# Uses for the Leman Russ variants?



## Lord_Murdock (Jul 16, 2008)

I'm planning on getting a nice squadron of Leman Russ Executioners some time soon, but is there really any point in having them? The same goes for the Leman Russ conqueror that I already have... I mean, looking at their weapons and stats, the standard battle tank can do anything the variants can do, only better and for less points! 

Take the conqueror for example: sure, I can rattle off 15 shots and destroy anything with a 4+ or worse save (assuming, of course, that I hit a few times!), but the Battle cannon would do so much more damage, and it's more powerful anyway!

I really like the variants of the 'Russ, but can they do anything that the standard tank can't?
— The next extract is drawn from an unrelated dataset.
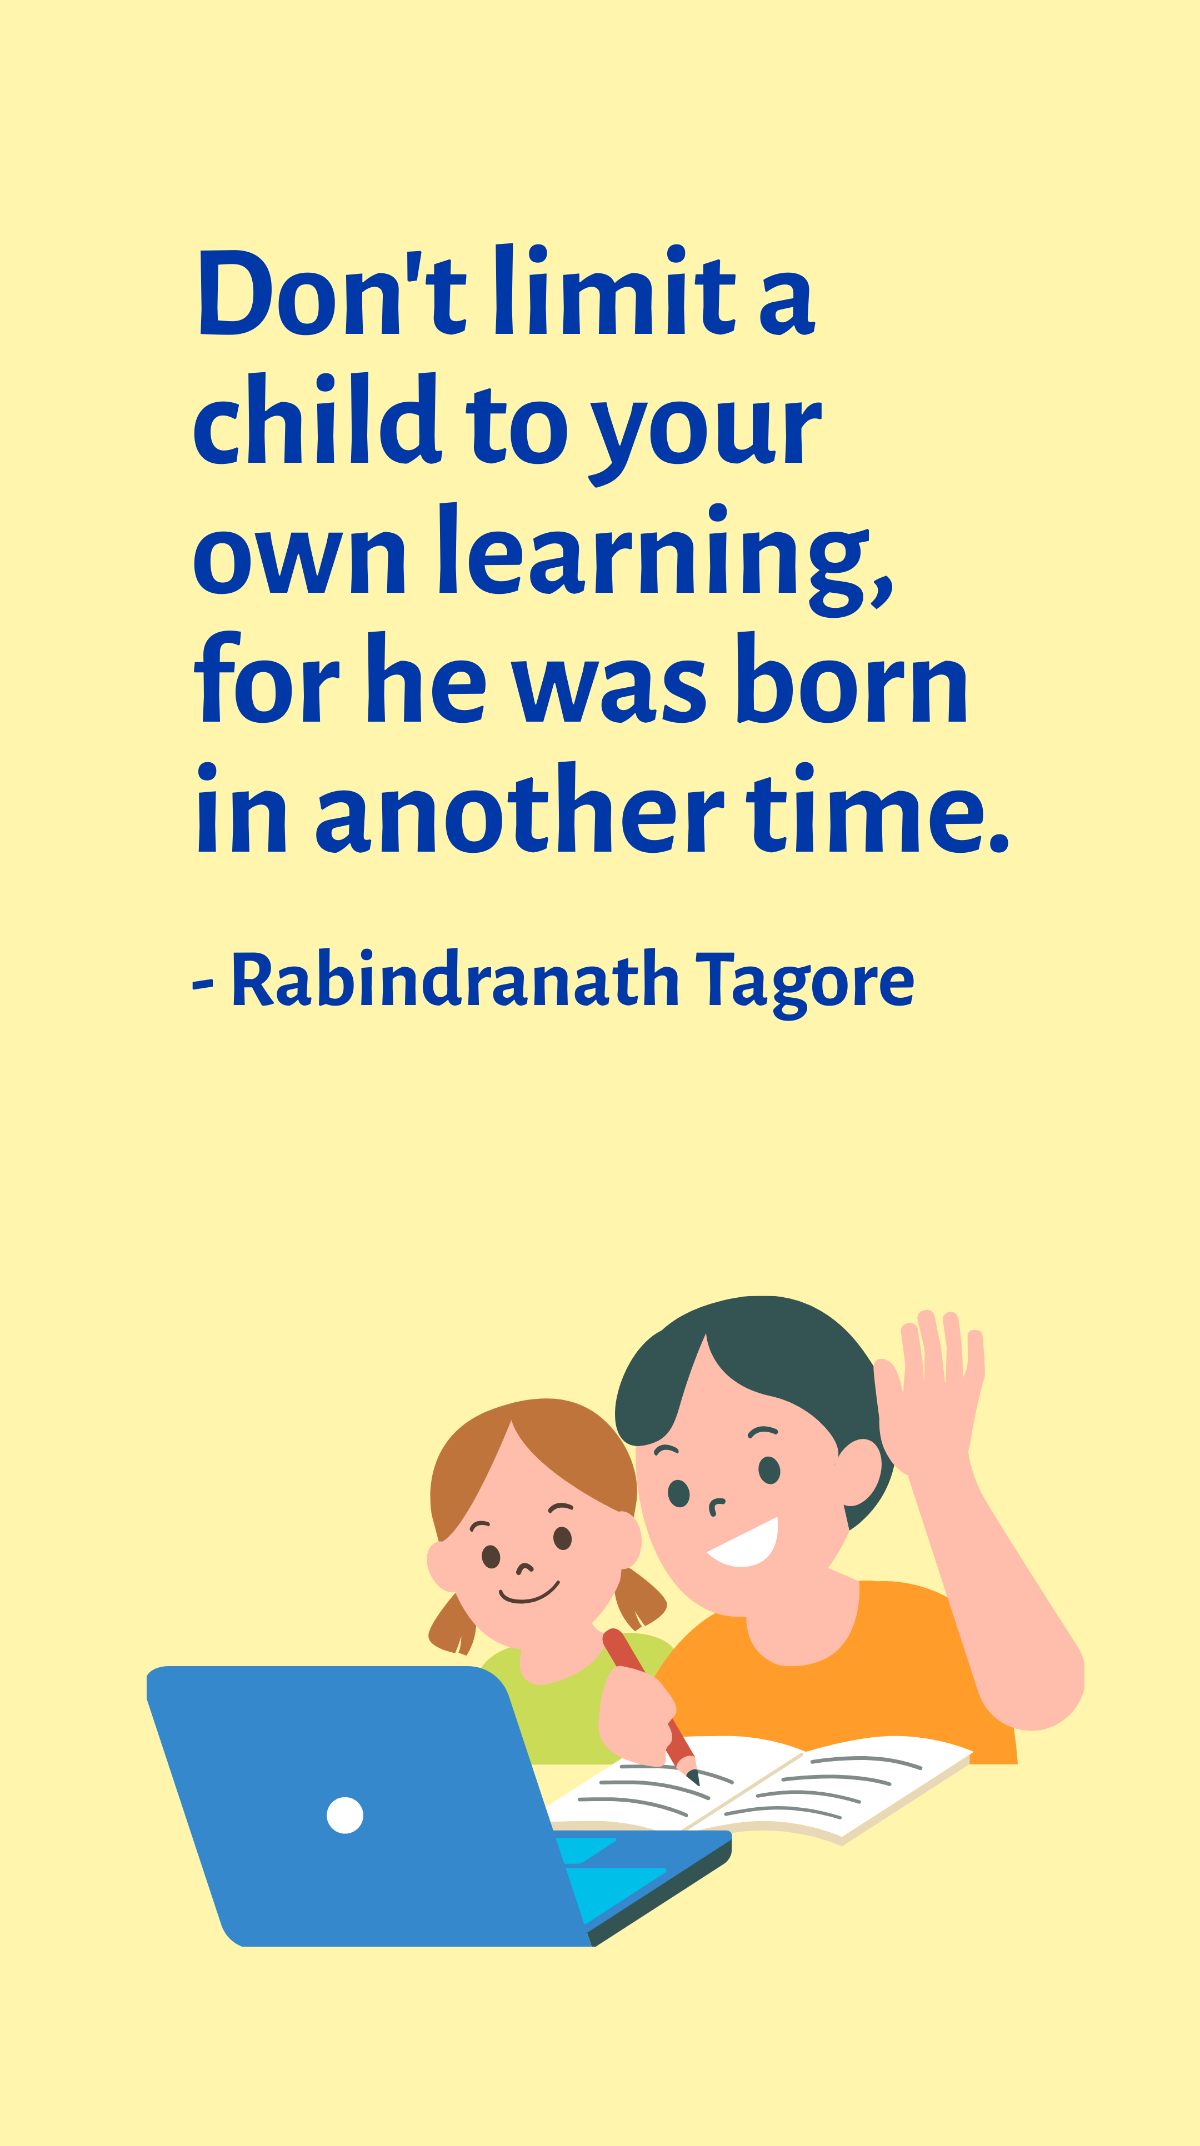 Free Rabindranath Tagore - Don't limit a child to your own learning, for he was born in another time. Template

How would I best use them? 

Also, what variant would you recommend I make my last squadron out of for my Emperor's Hammer Tank Company?


----------



## Trigger (Mar 12, 2008)

The rules for the Conqueror were written for 3rd edition, when you couldn't move and fire Ordinance. It is largely redundant now, apart from looking good!

The Annihilator and Exterminator varients is good for 'pillbox' duties in a static gunline setup. Just pick between them according to your opponent.
Vanquishers are an excellant anti tank and anti infantry weapon, but most of the time a Leman russ will do the job just as well.

What have you got in the company at the moment. I'd go for 6 Russ and 3 Vanquishers, then another vanquisher as HQ


----------



## Lord_Murdock (Jul 16, 2008)

I have the Conqueror as the command tank (w/ 3 heavy bolters), 3 Leman russes (two w/ lascannons, one w/ 3 heavy bolters), I'm planning on getting 3 Executioners (same sponsons etc. as Russes), and I'm not sure about the last three. I was thinking either Demolishers or Vanquishers, but a lot of people seem to like the Exterminator so I'm not sure.


----------



## The Black Parade (Nov 17, 2008)

I'm running a Vanquisher HQ, 3 Vanquishers, 3 LR w LC, and 3 Demolishers with LCs and MMs.


----------